RECORDS PROVIDED:
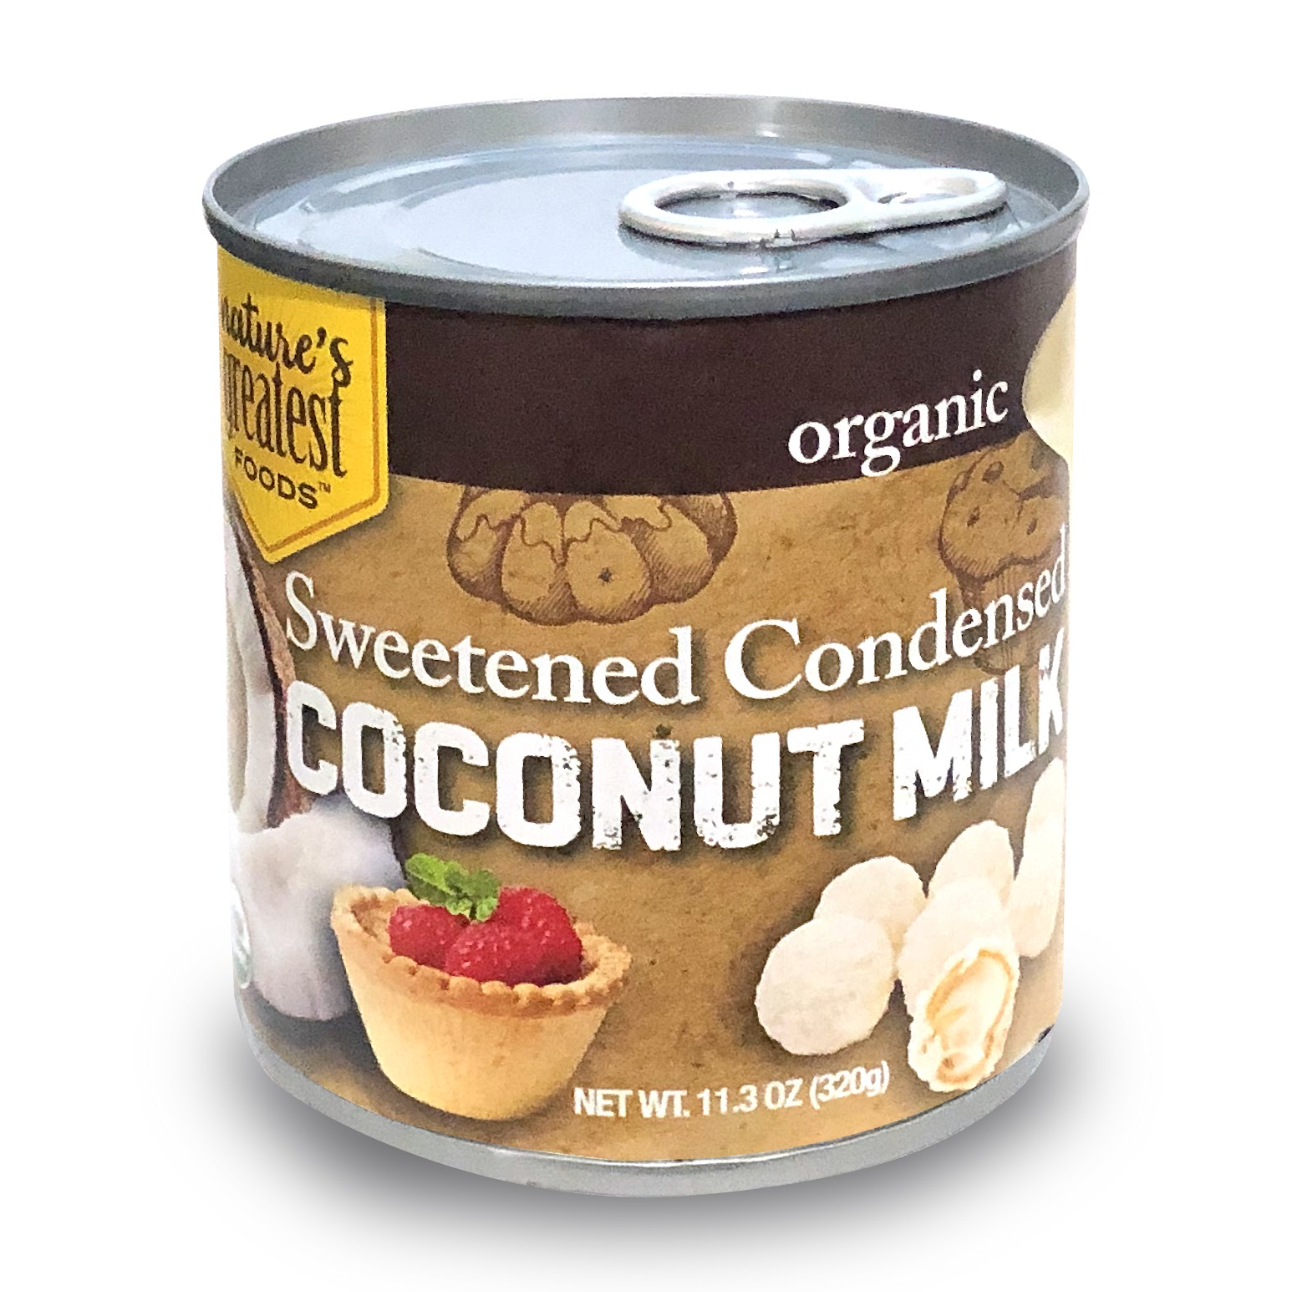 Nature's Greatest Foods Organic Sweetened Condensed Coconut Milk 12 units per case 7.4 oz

--

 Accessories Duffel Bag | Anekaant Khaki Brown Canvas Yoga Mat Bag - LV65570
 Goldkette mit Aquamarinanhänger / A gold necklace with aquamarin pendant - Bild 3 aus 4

* * *

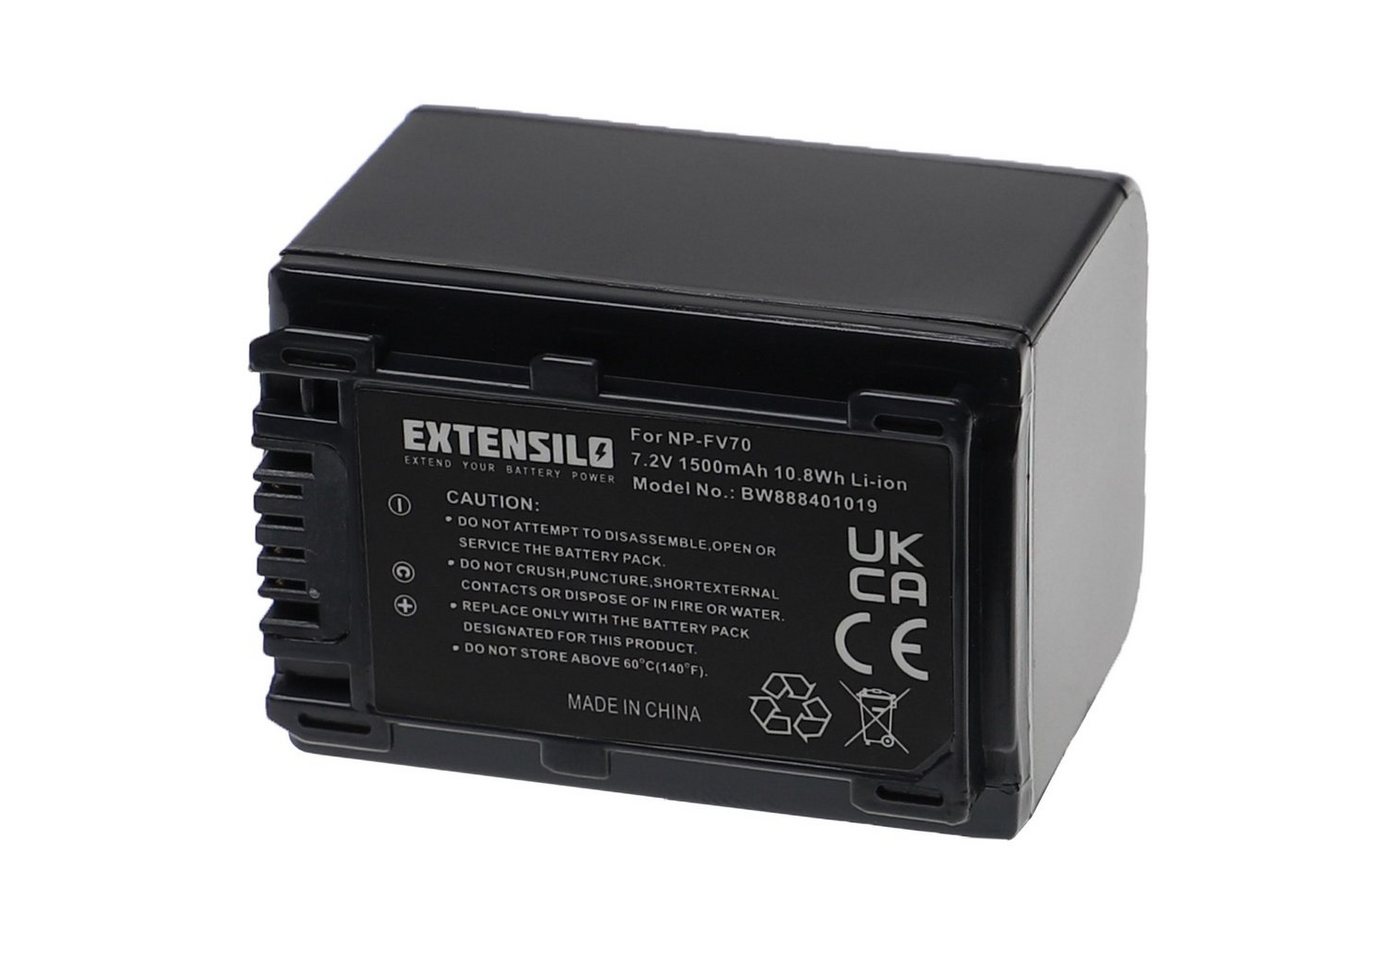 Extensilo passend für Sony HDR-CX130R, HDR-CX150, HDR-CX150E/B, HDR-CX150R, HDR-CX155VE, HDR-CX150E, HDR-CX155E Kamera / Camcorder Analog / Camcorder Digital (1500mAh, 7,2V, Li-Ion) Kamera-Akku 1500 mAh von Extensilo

EXERCISE: Everything from the line with "Accessories Duffel Bag" through the line with "Goldkette mit Aquamarinanhänger" should be written out exactly as it appears above, end lines included, and nothing outside that range.

TASK ANSWER:
 Accessories Duffel Bag | Anekaant Khaki Brown Canvas Yoga Mat Bag - LV65570
 Goldkette mit Aquamarinanhänger / A gold necklace with aquamarin pendant - Bild 3 aus 4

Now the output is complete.